What is the molarity of a solution that contains 14.92 grams magnesium oxide (MgO) in 365ml of solution?

Chemistry
2 answers:
AnnZ [28]3 years ago
6 0

Answer:

Option A. 1.01 molar solution

Explanation:

Step 1:

Data obtained from the question. This include the following:

Mass of MgO = 14.92g

Volume of solution = 365mL

Molarity of solution =.?

Step 2:

Determination of the number of mole present in 14.92g of MgO.
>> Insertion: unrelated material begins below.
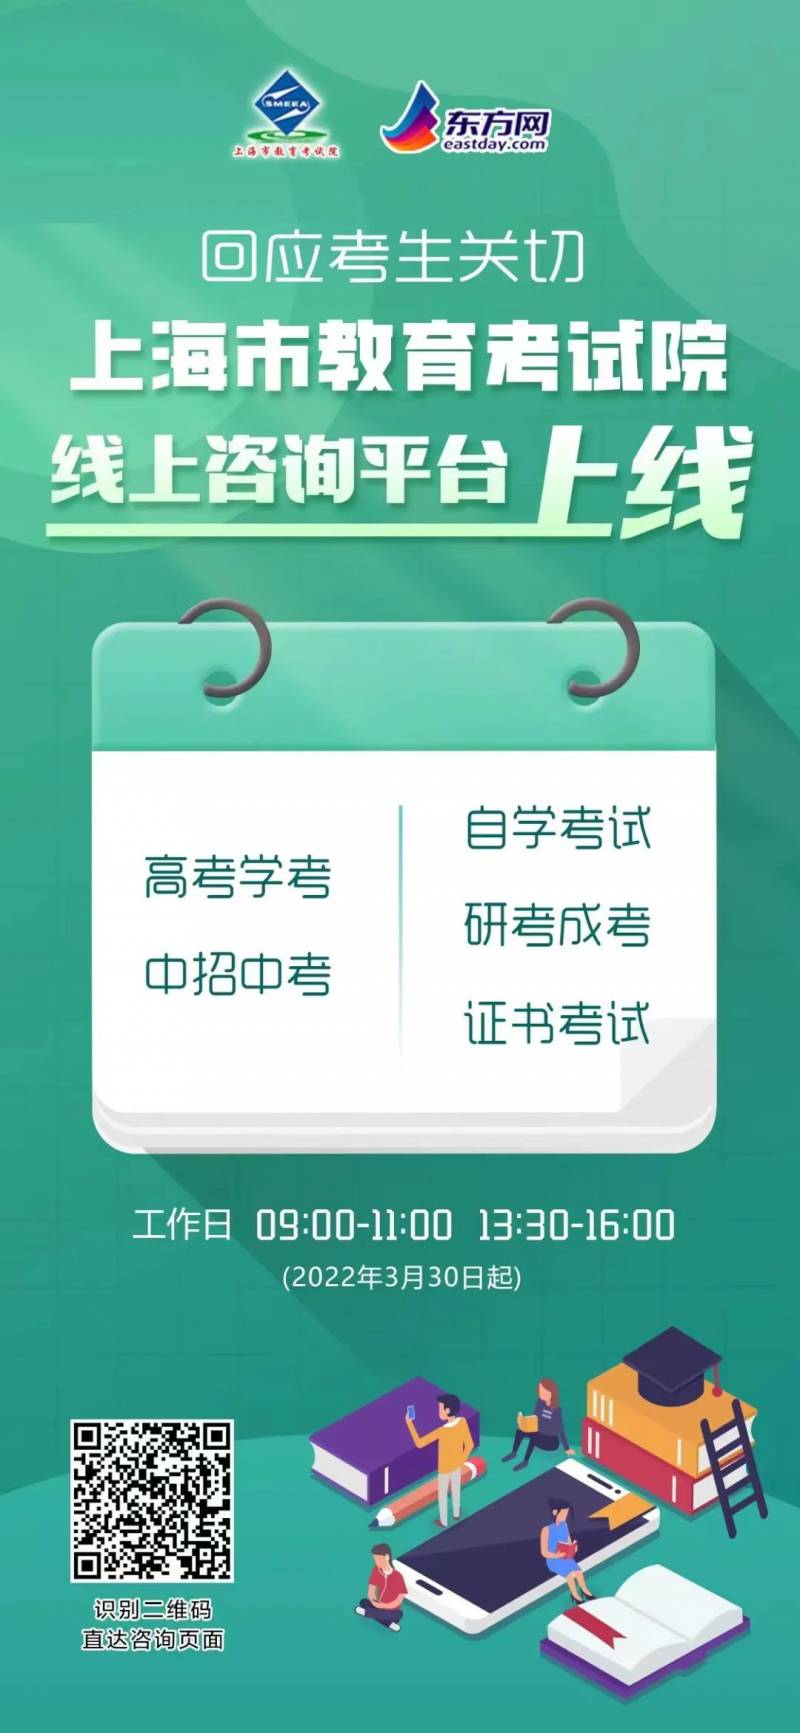 上海教育资源库网站的微博号是什么（上海教育空中课堂）

This is illustrated below:

Mass of MgO = 14.92g

Molar mass of MgO = 24.3 + 16 = 40.3g/mol

Number of mole MgO =...?

Mole = Mass /Molar Mass

Number of mole of MgO = 14.92/40.3 = 0.370 mole

Step 3:

Determination of the molarity of the solution.

This can be obtained as follow:

Mole of MgO = 0.370 mole

Volume = 365mL = 365/1000 = 0.365L

Molarity =..?

Molarity = mole /Volume

Molarity = 0.370/0.365

Molarity = 1.01M

Yuki888 [10]3 years ago
3 0

Answer:

a. 1.01 molar solution

Explanation:

Now we have to recall the formula;

n= CV

Where

n= number of moles of magnesium oxide

C= concentration of magnesium oxide solution = ???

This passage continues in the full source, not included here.